Full program characterization is difficult and not always relevant. For example, typical High Performance Computing (HPC) programs generally contain tens of thousands of code lines, if not millions. A better way to perform application characterization is to consider each hot-spot in a separate and more efficient environment. Using profiling tools such as Gprof or Vtune allows an engineer to discern between often executed code and less used segments.
Once the initial profiling step separates the hot-spots i.e. often executed code segments, the engineer focuses on tweaking, optimizing, or even debugging the target code.
A codelet is a small program composed of:
1. The code fragment extracted from the application.
1. The application’s data required for its execution.
1. A wrapper, which loads the original application data, the general memory, and calls the code fragment.

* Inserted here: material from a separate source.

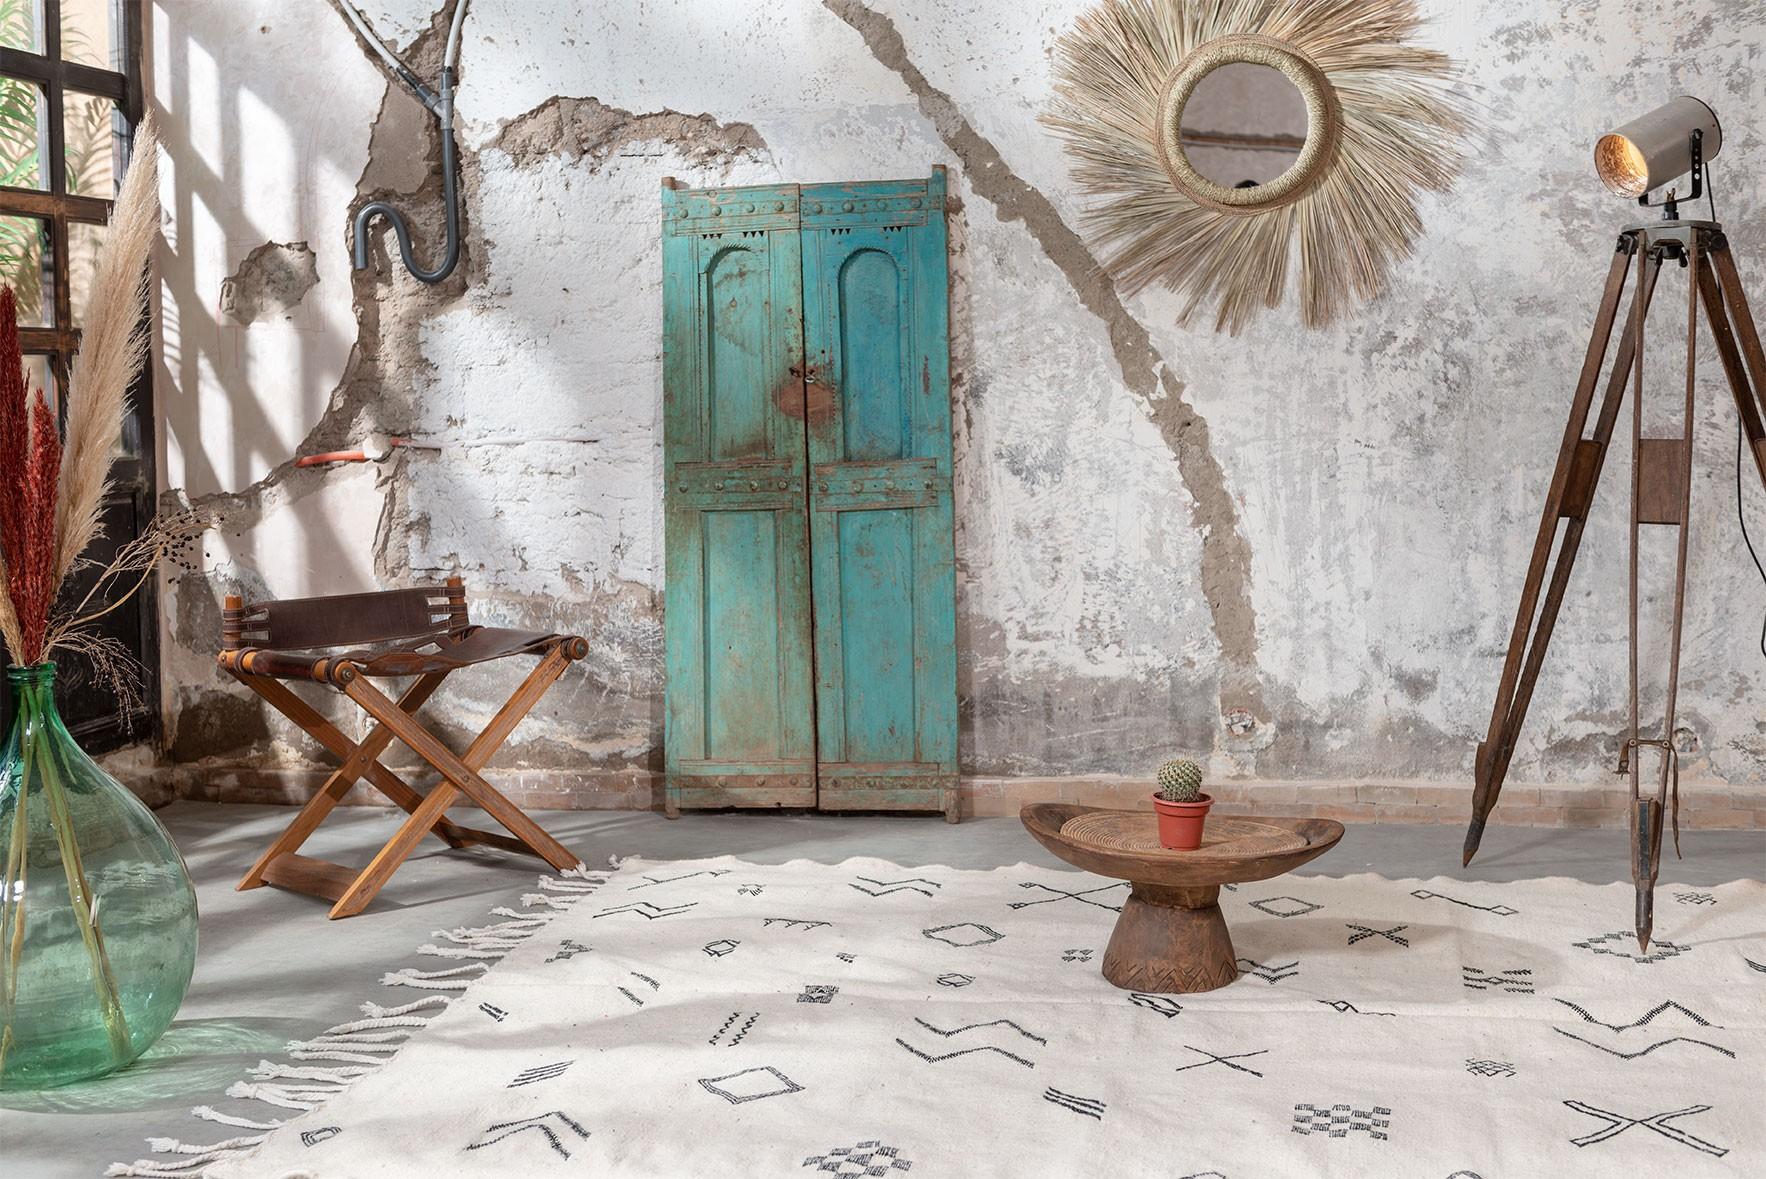 White and gray kilim rug

Codelets, by limiting the amount of code considered, reduce compilation, iterative testing, and even profiling time. However, handling each codelet separately reduces the effectiveness, thus a means to handle each in a unified way is necessary. The solution should satisfy three different goals:
Selecting a work set of experiments in the repository
For instance, all the experiments performed on a particular architecture on a selected program
Transforming the data
Most of the time, the user does not want to see the raw data, but prefers to see a statistical summary of it
As an example, for execution run-times times, the interest may only be in the mean and variance
Performing some action on the data
It can be a simple export to a CSV file, visualizing the data as a table or as a plot, or plugging the data in a learning module to build performance models
With a filled codelet base, the tools are systematically tested on many different applications via the extracted codelets. Moreover, an application engineer could present a codelet and retrieve a similar codelet from the database. The extracted codelet could contain information on optimization hints that previously provided a benefit for another application engineer.

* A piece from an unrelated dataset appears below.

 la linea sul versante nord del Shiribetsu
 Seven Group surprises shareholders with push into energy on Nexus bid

CTI stands for Codelet Tuning Infrastructure. The purpose of CTI is three-fold:
Share data (codelets)
Automate menial tasks
Perform data mining techniques
Sharing data is done via files or extracted data and stored in a database. Menial tasks such as scripting, creating back-ups, formatting the data, and performing analysis via the integrated tools are automated. Data mining techniques are automated by using the internal format in CTI and using the existing viewers.
CTI is a data and data processing sharing tool. It is built around the concept of multiple people wishing to share data and data processing techniques. Though it is useful for a single user to store and keep track of experiments and results, it really becomes a useful tool when combined with different users working on the same data-sets and processing techniques. Everything in CTI is defined as being either data or plugins, the element that processes data.
CTI is built on a plugin system, making it flexible and configurable. Basic users can have CTI automate testing or benchmarking using the existing plugins, while expert users may write their own plugins to further modify or extend CTI's base behavior.
CTI supports many characterization tools such as MAQAO, DECAN, Codelet Finder, Likwid, etc. The repository enables automatic compilation and analysis of the extracted codelets. For example, the MAQAO plugin analyzes codelets using the MAQAO tool developed by the Exascale Computing Research laboratory. It extracts low level assembly features from codelets binaries and stores the features vectors back into the repository database. Moreover, a « process » plugin can generically pass all the codelets through different external tools, or even a user’s own scripts.
The repository allows fast indexing of codelets through its database indexing backend. It incorporates a variety of plugins enabling codelet extraction, navigation, and analysis. The Codelet Finder plugin, for example, interfaces the repository with the Codelet Finder tool developed by CAPS Enterprise.
Data for CTI is a general term because it equally represents the files that are imported into the tool, the content of files imported, particular data inserted such as the target machine, the date, etc.
Once CTI is populated with data, the next step a user takes is to process it. Sometimes, the user wishes to extract the data and handle it with a favorite tool. However, there are a lot of pre-defined data processing elements in CTI that can be found in the tutorials.
CTI and CTS
Codelet Tuning Services (CTS) is a web interface. It lets users have a better interface to interact with CTI. Though all things implemented within CTS can be done using the equivalent commands, the web interface makes for a more user-friendly experience.